First measurements of 3-Dimensional winds up to 25 km based on Aerosol backscatter using a compact Doppler lidar with multiple fields of view

Thorben Hendrik Mense, Josef Höffner, Gerd Baumgarten, Ronald Eixmann, Jan Froh, Alsu Mauer, Alexander Munk, Robin Wing, and Franz-Josef Lübken

Abstract. We present the first measurements of simultaneous horizontal and vertical winds using a new VAHCOLI lidar system developed at the Leibniz Institute for Atmospheric Physics in Kühlungsborn, Germany (54.12° N, 11.77° E). We describe the technical details of a multi-field-of-view (MFOV) upgrade, which allows to measure wind dynamics in the transition region from microscale to mesoscale (10³−10⁴ m). The method was applied at the edge of a developing high-pressure region. Comparisons between the lidar measurements and data from ECMWF show excellent agreement for the horizontal wind components, better than 0.30 ± 0.36 m s⁻¹ along the north beam of the lidar and −0.93 ± 0.73 m s⁻¹ along the south beam.
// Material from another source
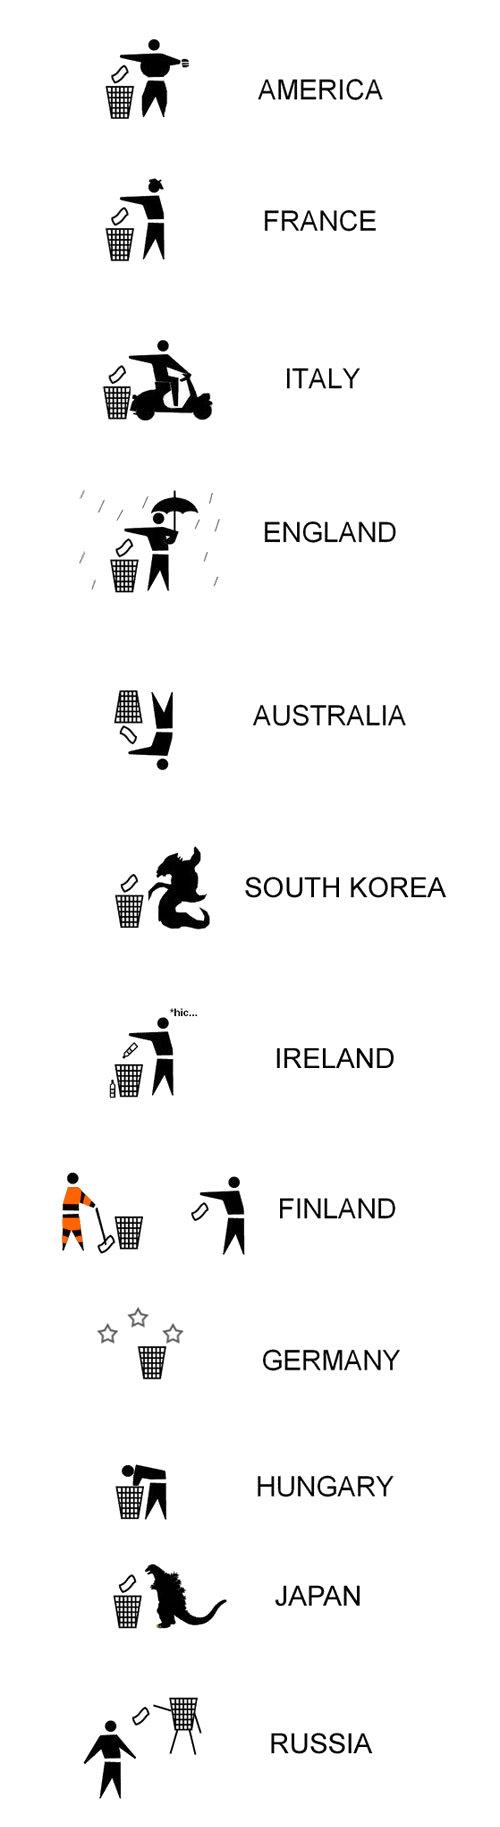 trash. . AMERICA arll d) FRANCE ITALY g' I ENGLAND Atl, 1 E ll AUSTRALIA d? SOUTH KOREA trt; Jr'' IRELAND aw A d' FINLAND MR A Ylt ltr tlt E GERMANY miimii HUNG

Measurements of vertical wind show significant underestimation of this component by ECMWF. Comparison to ADM-Aeolus shows good agreement, better than −0.12 ± 3.31 m s⁻¹. The capability of the MFOV lidar to explore small-scale asymmetries in the wind field is shown by comparison of the north and south field of view, where we observe a wind asymmetry in the meridional winds, which is also present in ECMWF but underestimated by a factor of approximately four.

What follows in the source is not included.